Now days in most Engineered capital equipment Supply & Service providers...biggest profits are made on the service segment than capital sales.....
capital investment by customers can only grow to a certain extent....service is almost forever...
need not say on the fat margins services naturally have (cost being mainly the workforce), and the ease of increasing or reducing these resources (skilled labor) as per the changing need, i.e its not a capital intensive business.
David , good write up .In my opinion, your valuations of Dayang is better than the 3 IBs . Your report cover more details with factual figures than the IBs. You have also consider the outlook of Dayang in longer term rather than just the IB's " next qtr earning is not sustainable " . I am happy that you have also pick up the last qtr "missing " schedule rate revenue which is estimated to be about RM 120 million which in my opinion will be booked in Q1 2019 . In the last 2 weeks , I have commented in bit and pieces in the i3 forum about the missing schedule revenue , the great cash flow of dayang and the brief valuations of dayang using both PE and DCF . I am glad that you have been able to put in nicely in a your write up so that most of the i3 readers can comprehend .

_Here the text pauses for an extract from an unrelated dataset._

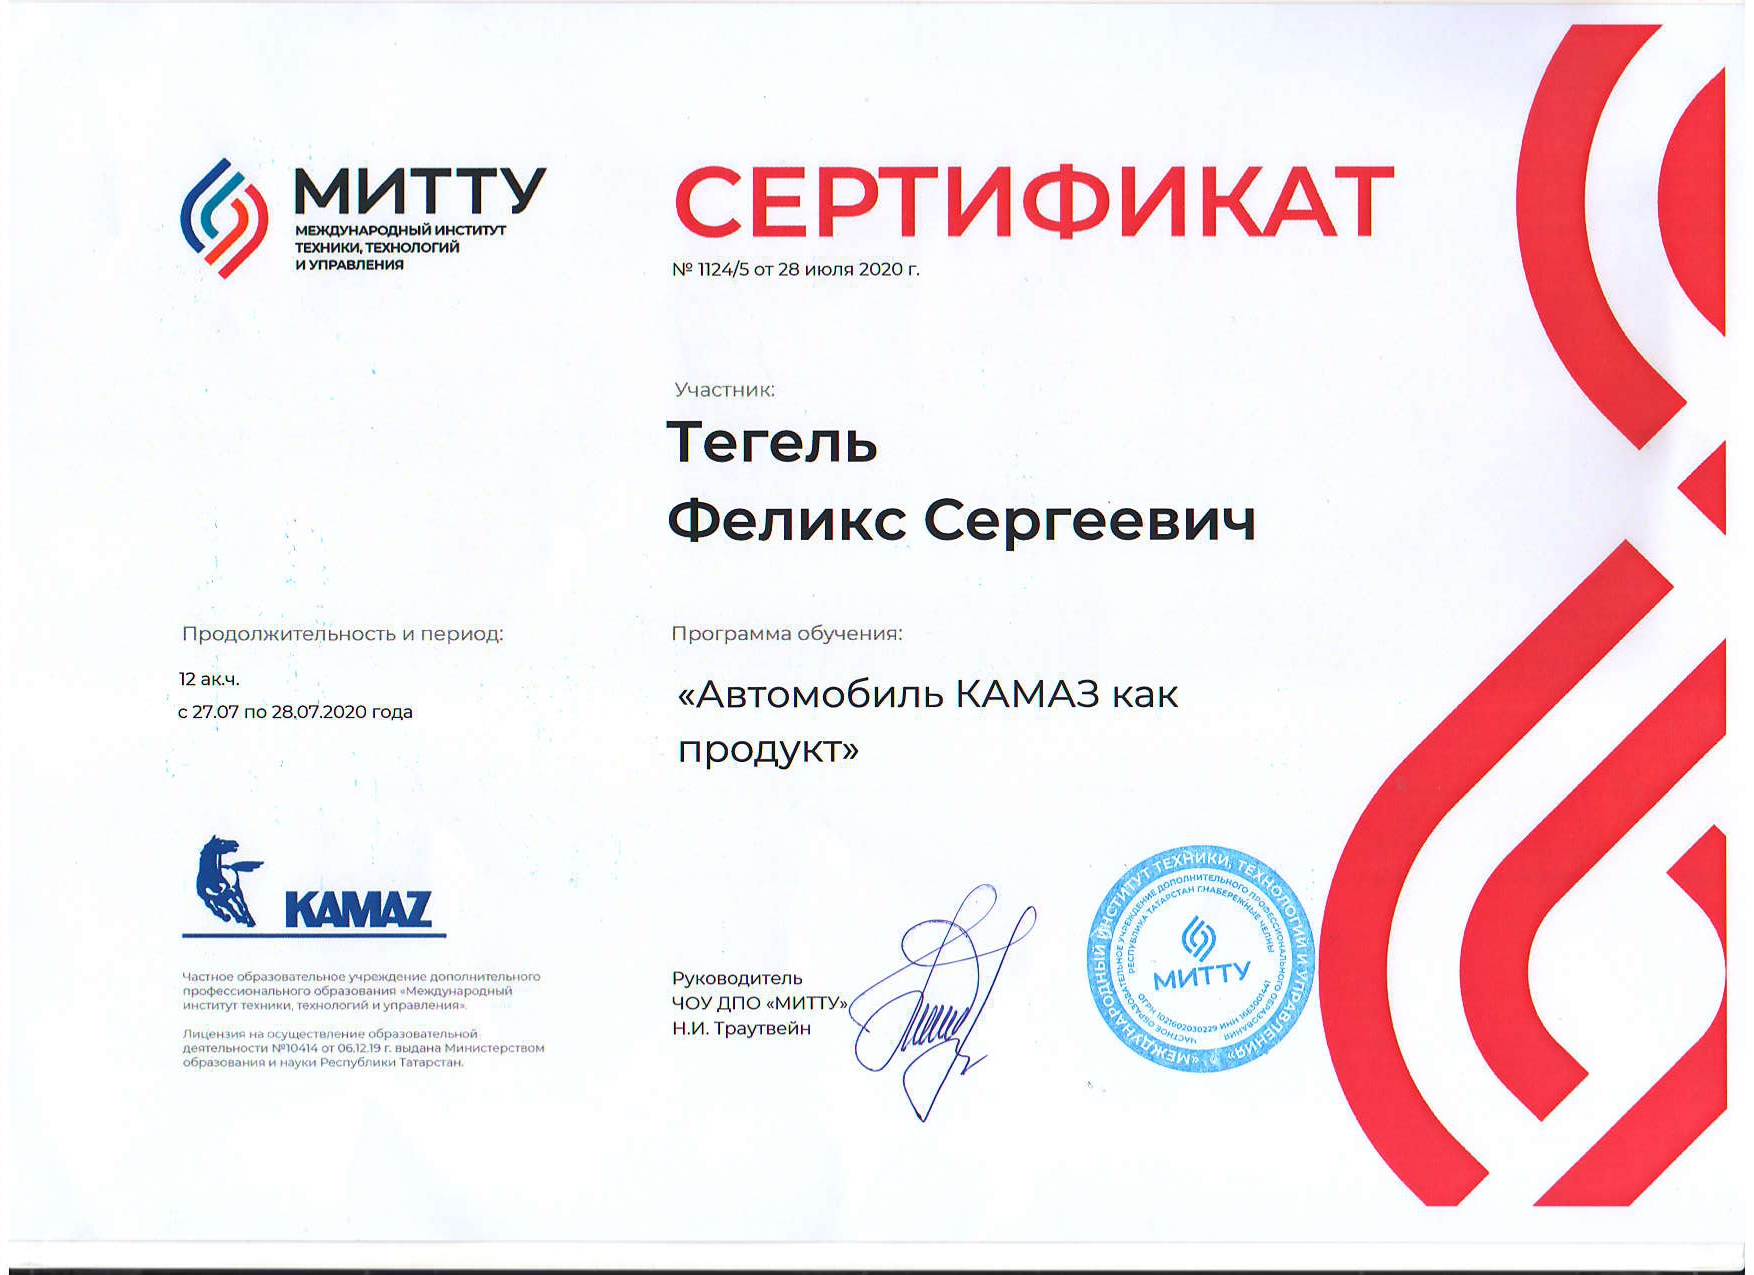 Сертификат Камаз как продукт Тегель

An impressive writeup with substance. That's how a proper analysis should be done with facts and figures. The 3 IBs should learn from you. I believe the TP should be easily RM2-3 in 6 months time based on your writeup.
Another valuation method is using Discounted Cash Flow (DCF). Based on past 3 years records on average cash flow generation of 294 mil, let's assume the average cash generated per year in future is 250 million (~10-20% discount), the discounted cash flow per share per year is about 26 sen.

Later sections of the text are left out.